Religious liberty and the future of marriage
The Obama administration made the incoherent declaration last week that it will no longer defend in court a federal law it must enforce. And thus the Justice Department signaled the likelihood that injustices may lie on the landscape for a host of issues.
Starting with religious liberty and marriage law.
Robert P. George, perhaps the nation’s top Catholic scholar on marriage, described [U.S. Attorney General Eric] Holder’s defense of the administration’s position as “extremely worrying.”
He said Holder’s statement was “dripping with animus” against people who believe that marriage is “the conjugal union of a husband and wife.”
“He treats that belief as if it were a mere prejudice, as though it is motivated by a desire to cause harm to people,” George told CNA Feb. 24. “Of course, nothing could be further from the truth. It is a legitimate moral belief that has informed our law throughout history.”

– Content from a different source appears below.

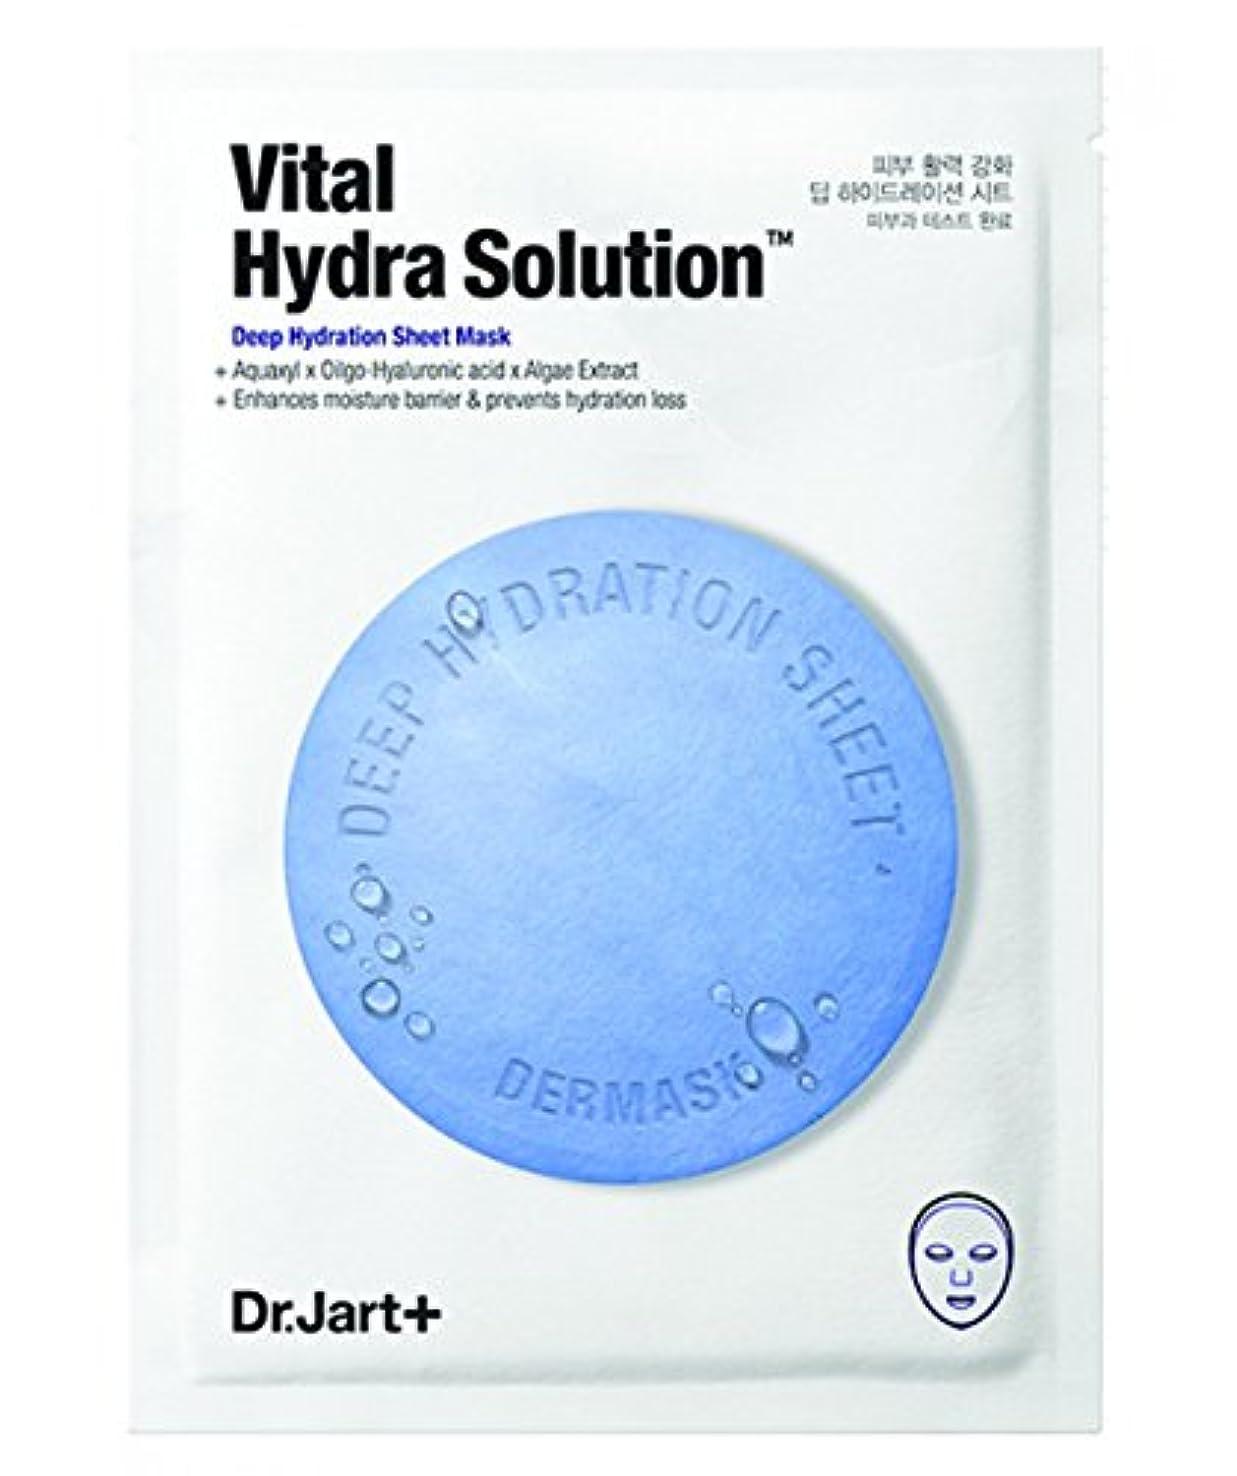 不一致高度実験Dr.Jart+ Dermask Vital Hydra Solution Deep Hydration Sheet Mask (25g × 5ea)/ドクタージャルト ダーマスク バイタル ハイドラ ソリューション ディープ...

The statement suggests to George the possibility that the Justice Department will “abuse its authority to suppress the religious liberty of people who dissent.”
“It raises the concern that the Justice Department will treat believing Christians, Jews, Muslims and others as though they are the equivalent of racists,” he warned…
George believes it is “imperative” for religious believers and those who support the traditional definition of marriage to defend their religious liberty. Believers should make clear to the Justice Department that they intend to fight any effort to restrict their liberty and their rights of conscience.
He said recognizing marriage as only between one man and one woman is “absolutely not” discriminatory in terms of constitutional law. He cited Justice Anthony Kennedy’s ruling in Lawrence v. Texas, a landmark 2003 case that declared laws against homosexual acts to be unconstitutional. That ruling, George said, has “no implications whatsoever for marriage.”
As Prof. George has pointed out to me on radio, emphatically, in 31 out of 31 times this issue has been put before the electorate in a vote, American citizens have upheld the traditional definition of marriage.
For George, these defeats for advocates of same-sex “marriage” explain why they are trying to prevent the issue from being decided in an election.
“If they really thought that the people were going their way… they would be out there ahead of us trying to get the issue on the ballot.”